1,000 More Animals Per Week Used in UK Labs
Yesterday saw the publication of the government’s annual statistics on the use of animals in scientific procedures. The figures published cover 2011 and show a 3 per cent rise over the previous year and a staggering 40 per cent rise since 2000. In the 2010 coalition agreement, the government claimed it would “work to reduce” numbers of animals used in research, and this looks like another broken promise. In total, 68,000 more animals suffered this year than last – that’s more than 1,000 animals every week – yet the Home Office still has no meaningful strategy to reduce the number of animals being used in research and apparently no clue how to do so.

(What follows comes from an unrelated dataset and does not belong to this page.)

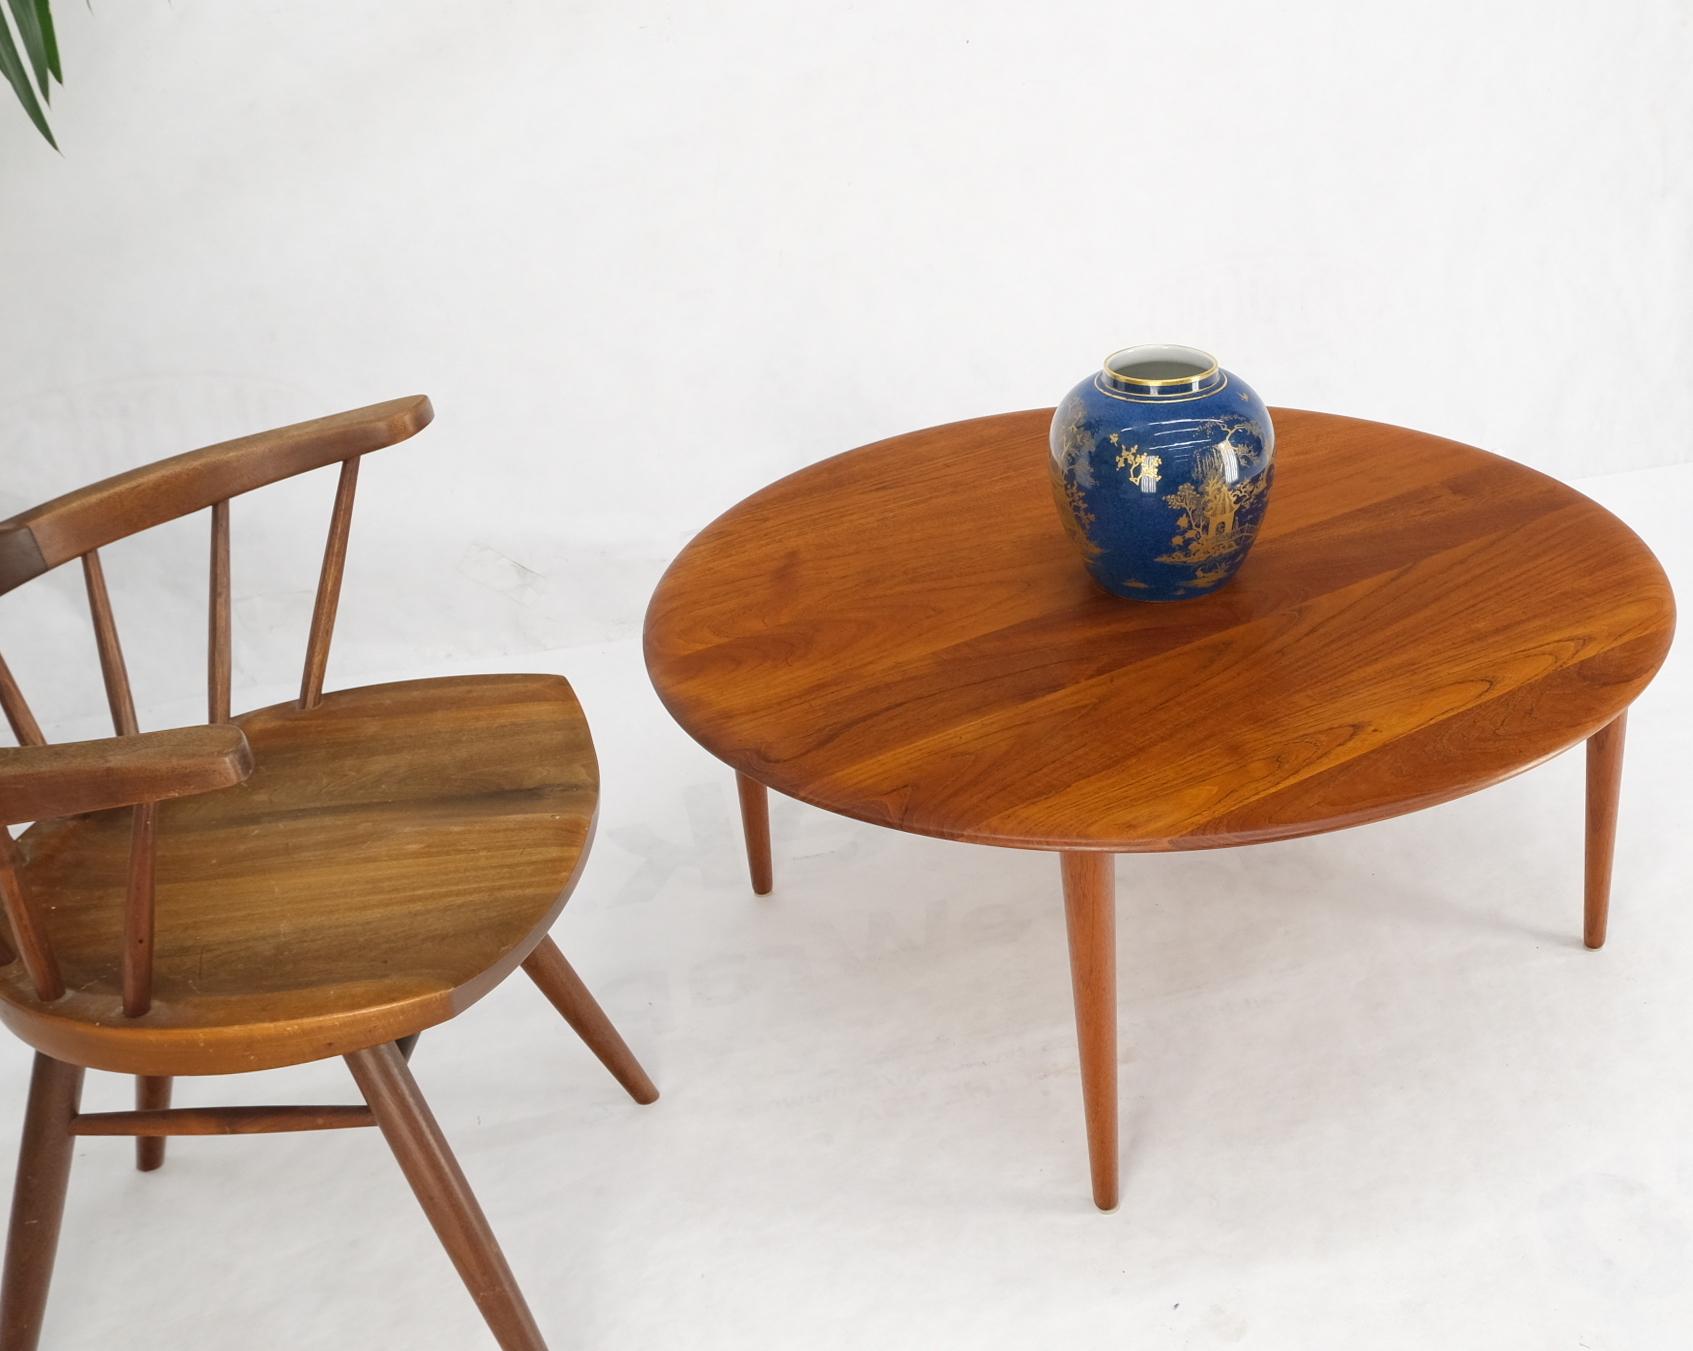 Piter Hvitd for France & Son round solid teak Danish Mid-Century Modern coffee table.

There are many causes for concern in these figures, but the massive leap in the number of experiments on cats (26 per cent) is a sign that public opinion counts for nothing in regulating experiments. What is particularly disturbing is that the total number of individual cats used has hardly changed at all – that means even more experiments and even longer periods of suffering.
These figures show that the need for an informed public debate has never been greater, but statistics can’t tell us what happened to the cats and other animals, can’t reveal the suffering animals endure in laboratories and can’t uncover the failings of this slipshod, archaic and ineffective approach to science. Right now, a blanket secrecy clause in the legislation keeps members of the public from finding out exactly what kind of misery their taxes are funding and their government is allowing. That has to change: freedom of information rules must apply to all public bodies conducting or regulating animal experiments. The veil over the reality of animal testing must be pulled away now.